Tuesday, October 5, 2010

woodstock altar


in the late 80s I lived in my car while working at sunflower health food store in woodstock (yes, that woodstock), but I went inside when winter came. I took up an offer by my friend rich to live in the upstairs rooms he never used of the house he rented about 4 miles out of town, from which I'd commute by riding my bike or walking.

rich was tall and gawky, skinny as the most stereotypical vegan, with long, frizzy hair that trailed midway down his back in a single solid braid. he wore thick glasses and spoke in a thin falsetto that sounded fake when you first heard it, but soon you'd realize that really was his speaking voice. he'd lived for a years alone on the first floor of an old farmhouse located at the end of a short road on which the only other house was that of his landlord, a retired bachelor farmer who'd built his own home there himself over the course of decades. when I was eventually asked to leave 6 months later--at this period of my life I never chose to leave someplace, I was always asked--it was because the farmer observed that since I'd moved in there'd been a decided pickup of people visiting and driving that lonely road that had only known his own and rich's cars. (this was true: many people came to visit me there, but generally only one at a time. rachayl my orthodox sabra actually lived with me in those rooms for about 2 months, although she didn't have her own car).

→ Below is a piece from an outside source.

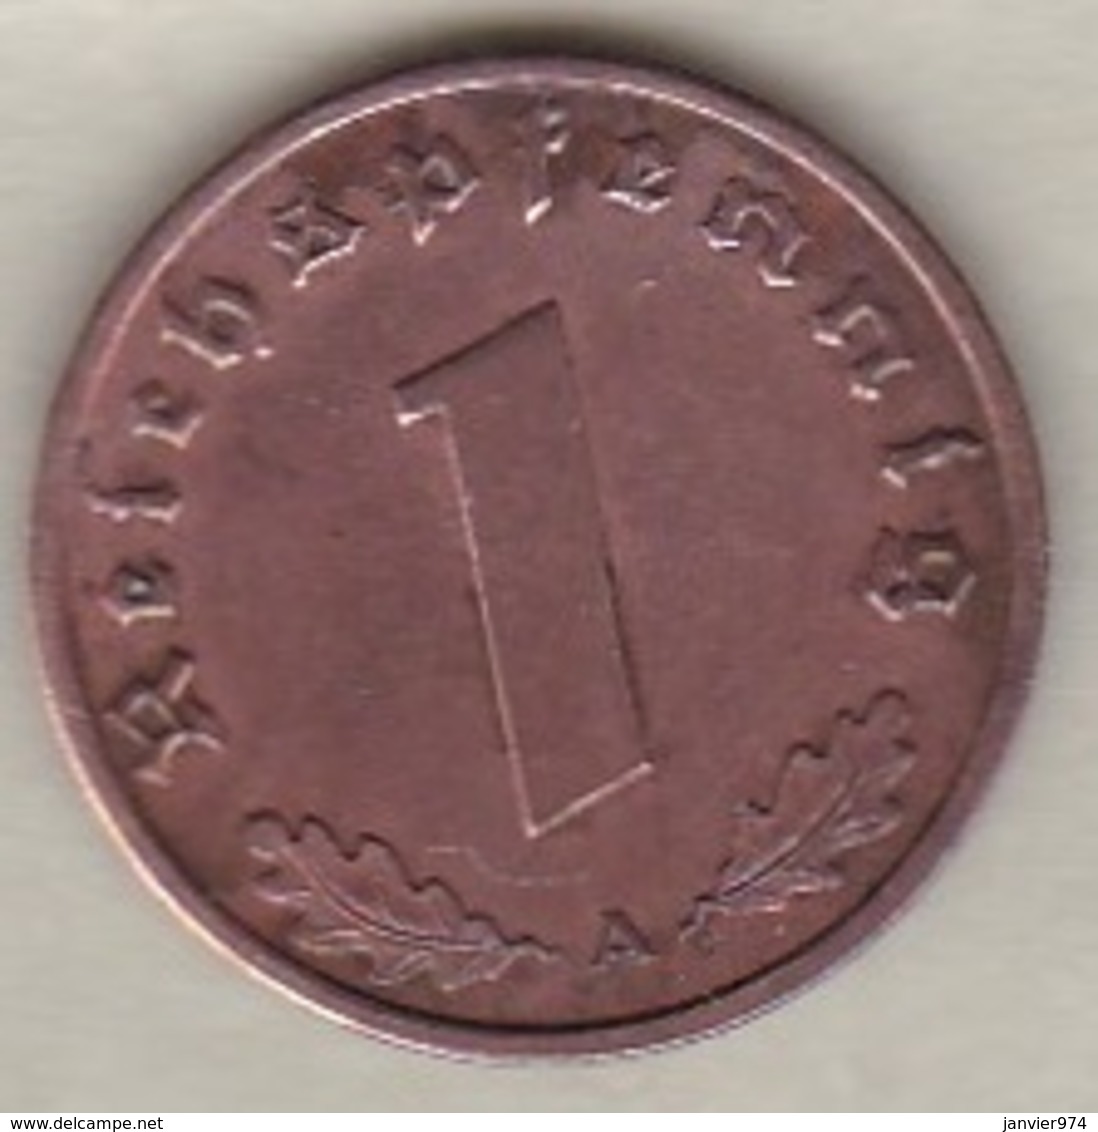 1 Reichspfennig 1940 A (BERLIN) . Bronze - 1 Reichspfennig

rich had created what probably began as a small memorial but had grown over the years into a huge shrine to a woman he had dated for a short time before she died from leukemia. it was on the first floor: the whole floor was one large room and where he slept (and where the shrine was located) was adjacent to the entrance to the kitchen, so it wasn't unusual to pass the shrine 3 or 4 times a day. rich had darkened the whole first floor by tacking blankets over the doors and windows and the shrine was lit by candles and little electric lights. it was kind of creepy: there were pictures of the 2 of them together, of course, and her journal and books that had been important to her; there were locks of her hair which is somewhat cresting the creepy zone; but there were also things like unused tampax that had been in her purse when she was ill and a dirty fork from the last meal they ate out together (everything was labeled [!]). when I saw rich last about 12 years ago he had married and moved. I did not ask if his wife had allowed the shrine to travel with them.

for years I've taken rich's obsession as unusual and unhealthy, but it may be that with age comes wisdom or it may be that with distance comes acceptance of some kind, but I think I have found in my reading of woodruff some way to touch on rich's shrine in a respectful way. woodruff quotes approvingly of oliver wendell holmes' poem "the chambered nautilus" in relation to reverence and the home and says of it:

"a shellfish hangs no pictures on its walls, and we cannot imagine a mollusk standing in reverent awe of the wholeness that families seek when they make a home. still, the image of the nautilus is powerful. the chambers grow smoothly, each out of the smaller one that is left behind, and the whole history of the animal is carried in the shining spiral of its home. the things we do to make a home out of a shelter may form a linked succession as we outgrow our old quarters and stretch into new ones. in this image, there is nothing confining about home; it is not a prison or a cage...home is a place to expand, or to expand in, and to expand smoothly..."

rich was alone, at least partly by choice, and I suspect that even married he has remained in some senses alone. to hear him talk of this woman was to hear him talk as if she'd been his soul mate, cruelly taken from him, and maybe that's the way he sees it. but I think in constructing that ever-accumulating shrine he was trying to build a shelter for the way he thought he should navigate the world: connected, a mixture of the profound and the trivial, encompassing every act of life and unafraid of proclaiming the personal as, if not political, then public.